5. Unique Attributes Compared to Prior Art
This paradigm-setting dataset offers several advances over predecessors:
- Joint presence of detailed behavior logs, user attribute tables, and full raw video content—datasets in the space typically lack one or more of these dimensions.
- The hierarchical content taxonomy (3-layer, >300 subtypes) enables analytic granularity for genre/topic diversity and filter bubble research.
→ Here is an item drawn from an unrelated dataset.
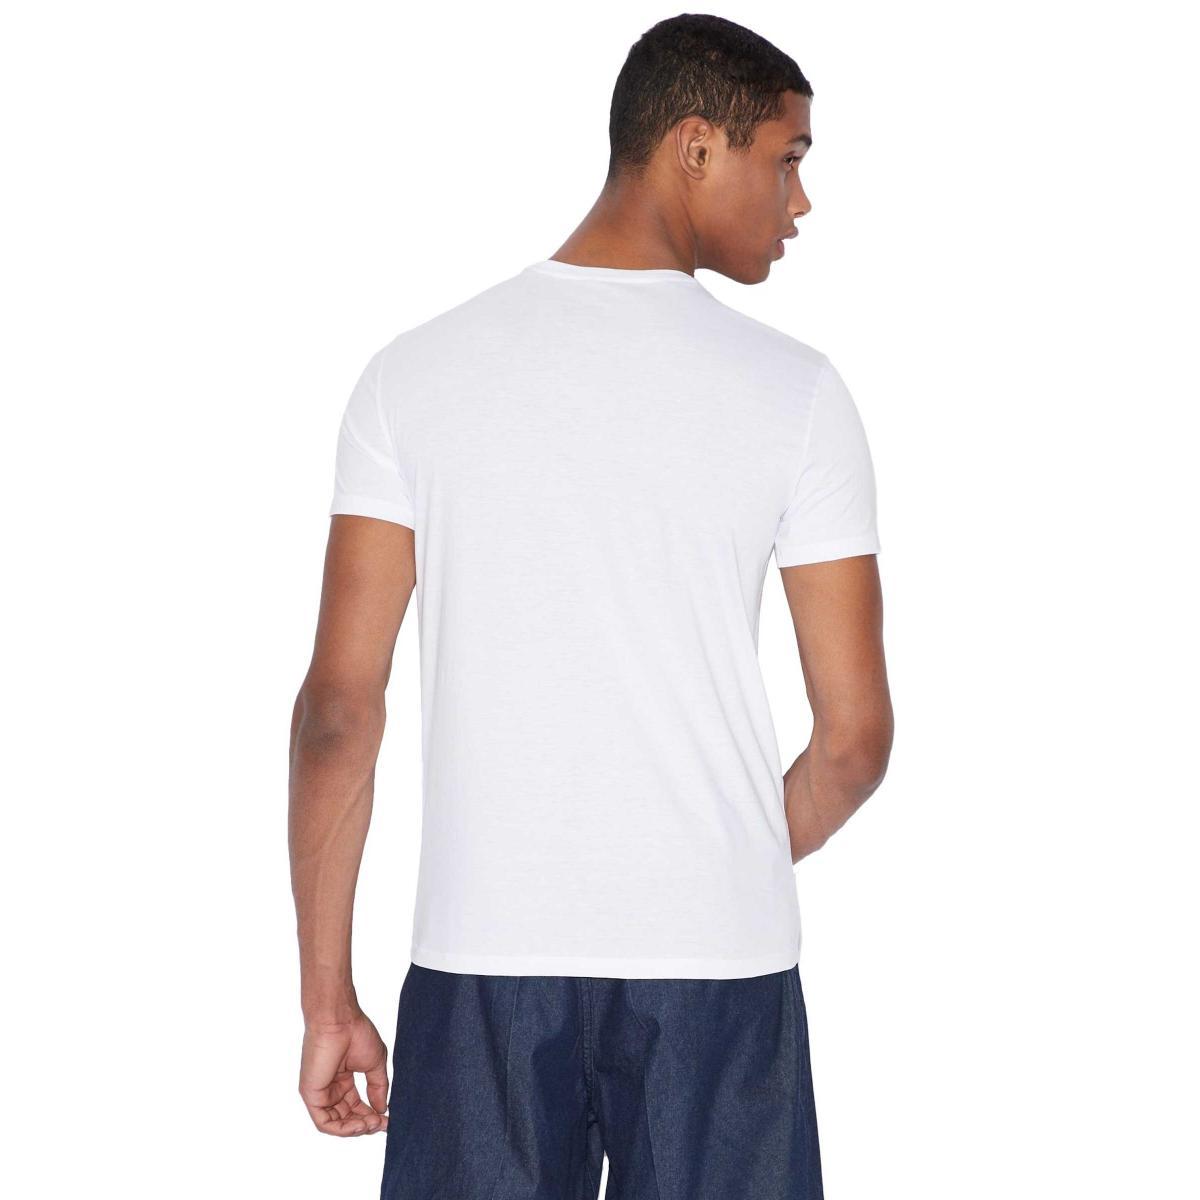 T-shirt Armani Exchange con stampa fotografica da uomo rif. 3GZTGY ZJA5Z
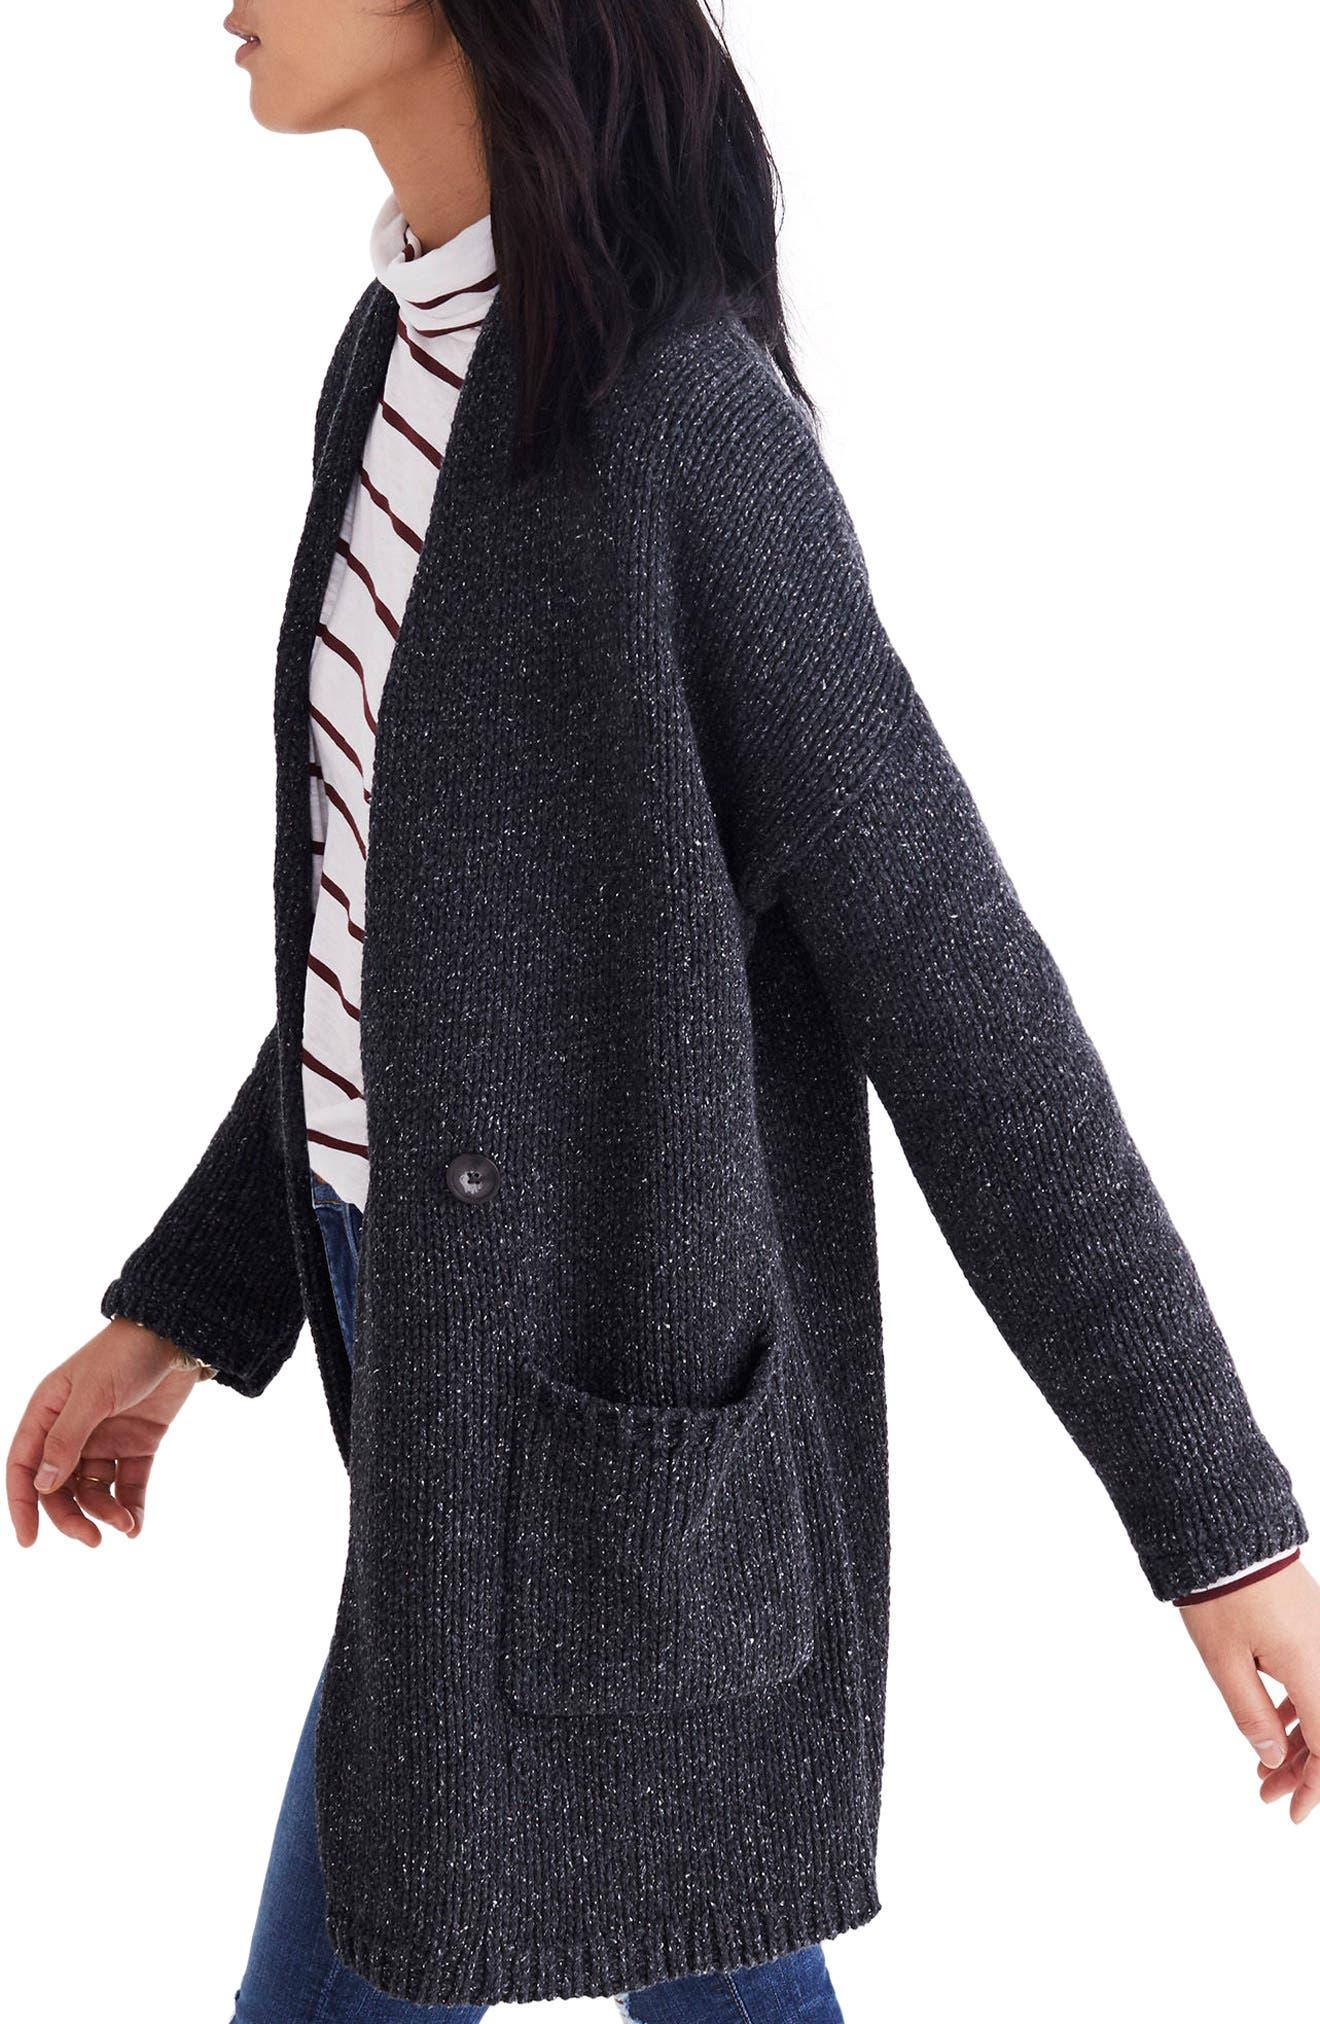 Glenhill Sweater Coat,                             Alternate thumbnail 3, color,                             Ashland Slate

- Multimodal content (vision, audio, text) is consistently parsed, partitioned, and represented via contemporary neural architectures (ResNet, ViT, modern ASR).
- Technical validation spans not only input data richness and model benchmarks but also sociological phenomena (filter bubbles), establishing not only resource breadth but scientific readiness.
- Privacy and Ethics: Anonymization, opt-in consent, exclusion of minors (<20), and device privacy safeguards. No personally identifiable information is distributed.
- Domain-aligned scale: Approximates industrial datasets in both volume and diversity.
6. Limitations and Access Considerations
While comprehensive, the dataset excludes users under 20 and depends on voluntary participation, potentially biasing toward more privacy-conscious or digitally literate demographics. All data is anonymized, with device identifiers stripped except for model type. Legal and ethical access is orchestrated via informed consent and strict data sharing protocols. Researchers can access the data and code for experimentation, evaluation, and further development through the official repository (https://github.com/tsinghua-fib-lab/ShortVideo_dataset).
7. Implications and Future Directions
Large-scale, multimodal datasets of this nature catalyze a spectrum of research areas, from recommender system design and user engagement modeling to computational social science and studies of algorithmic influence. The inclusion of high-dimensional user and content attributes, especially in a privacy-centered design, positions these resources as cornerstones for not only AI model development but also for empirical investigation of the societal and behavioral impact of mobile short-video platforms. The technical infrastructure and validation strategies outlined may serve as templates for future dataset creation and evaluation across global social video ecosystems (Shang et al., 9 Feb 2025).